Loss turns into 'nan' when cuda is True #20

Closed niddal-imam closed 5 years ago

niddal-imam commented 5 years ago

Hi,

I have used train.py for many times, and I had no issues. However, now when I use train.py, loss is always nan if cuda is True. I think the problem is on my laptop, so any idea how to solve this issue. Thanks

Holmeyoung commented 5 years ago

Hi, have you set dealwith_lossnone = True in params.py. It's used to solve this problem.

niddal-imam commented 5 years ago

Yes, I did set 'dealwith_lossnone = True' , but I am still getting Loss nan.

Holmeyoung commented 5 years ago

Hi, can you try to commit the following in model/crnn.py

        # replace all nan/inf in gradients to zero
        if params.dealwith_lossnone:
            self.register_backward_hook(self.backward_hook)

and add this to train.py. NOTE THE LOCATION!
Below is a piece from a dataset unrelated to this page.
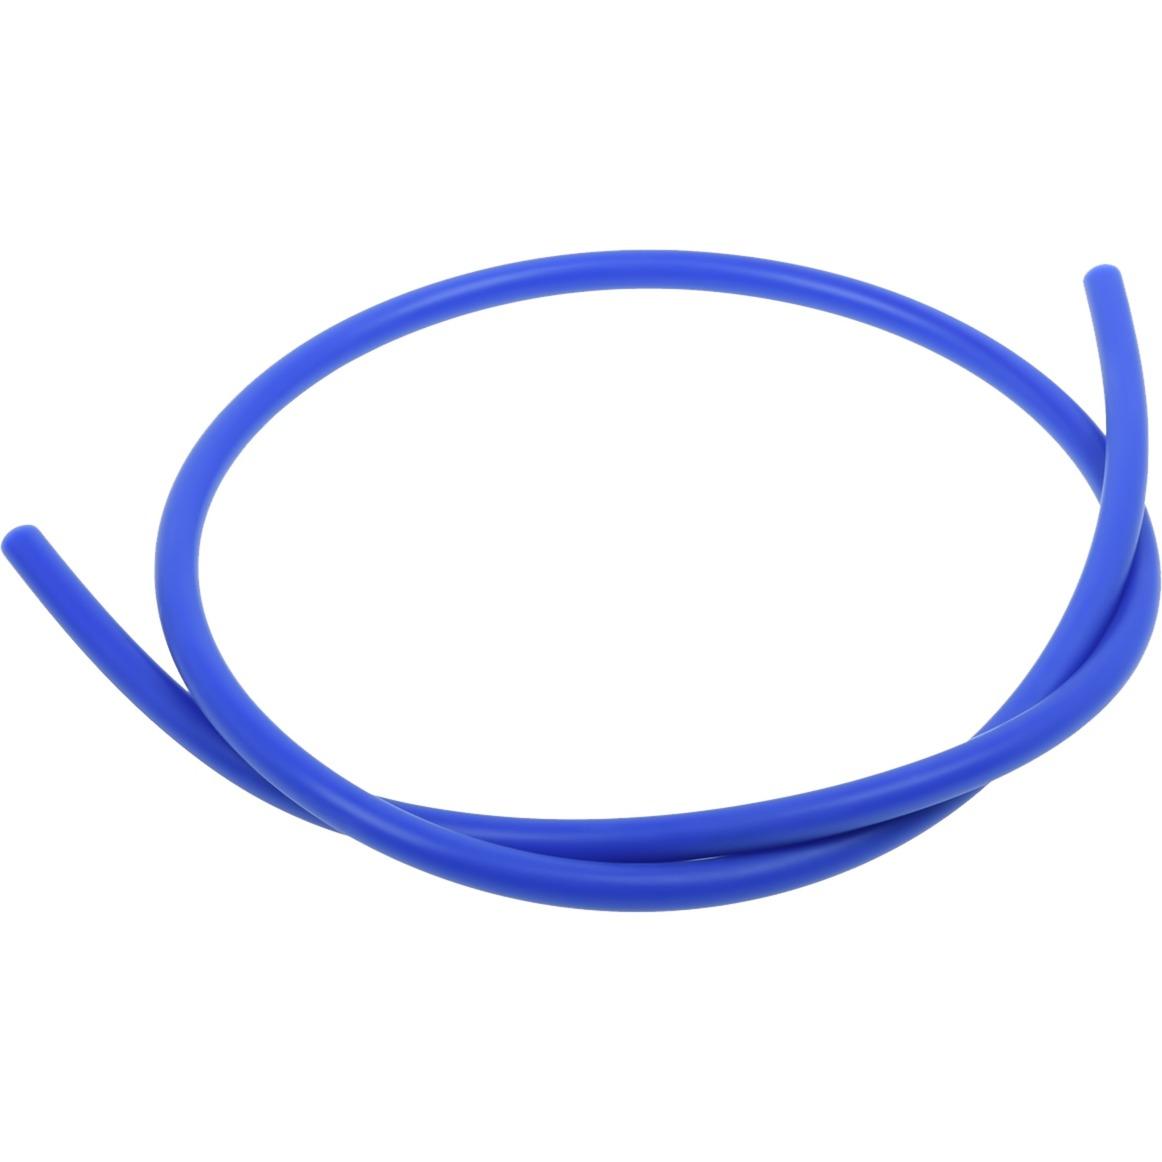 29117 1m Azul manguera de compresores de aire, Refrigeración por agua

if params.cuda and torch.cuda.is_available():
    crnn.cuda()
    if params.multi_gpu:
        crnn = torch.nn.DataParallel(crnn, device_ids=range(params.ngpu))
    image = image.cuda()
    criterion = criterion.cuda()
image = Variable(image)
text = Variable(text)
length = Variable(length)

# new ----------------------------------------------------
if params.dealwith_lossnone:        
    crnn.register_backward_hook(crnn.backward_hook)
# new ----------------------------------------------------

# loss averager
loss_avg = utils.averager()

niddal-imam commented 5 years ago

Thank you for your help, but the loss still nan.

AnneYanggg commented 5 years ago

Hello, have you solved the problem yet? I met the same issue with you.

Holmeyoung commented 5 years ago

Hi, please try to replace the train.py and model/crnn.py with the file in the zip folder. There are many people meet the same problem.

https://github.com/pytorch/pytorch/issues/14401 https://github.com/pytorch/pytorch/issues/14335

mayfix.zip

AnneYanggg commented 5 years ago

Thanks for your quick reply. I have replaced the file in the zip folder, but the issue hasn't solved yet. I learned the code you provided in the zip folder, and noticed the register_backward_hook section you have added. Now, i think maybe there is something wrong with my training dataset. So i have a question how to judge a picture is dity or not.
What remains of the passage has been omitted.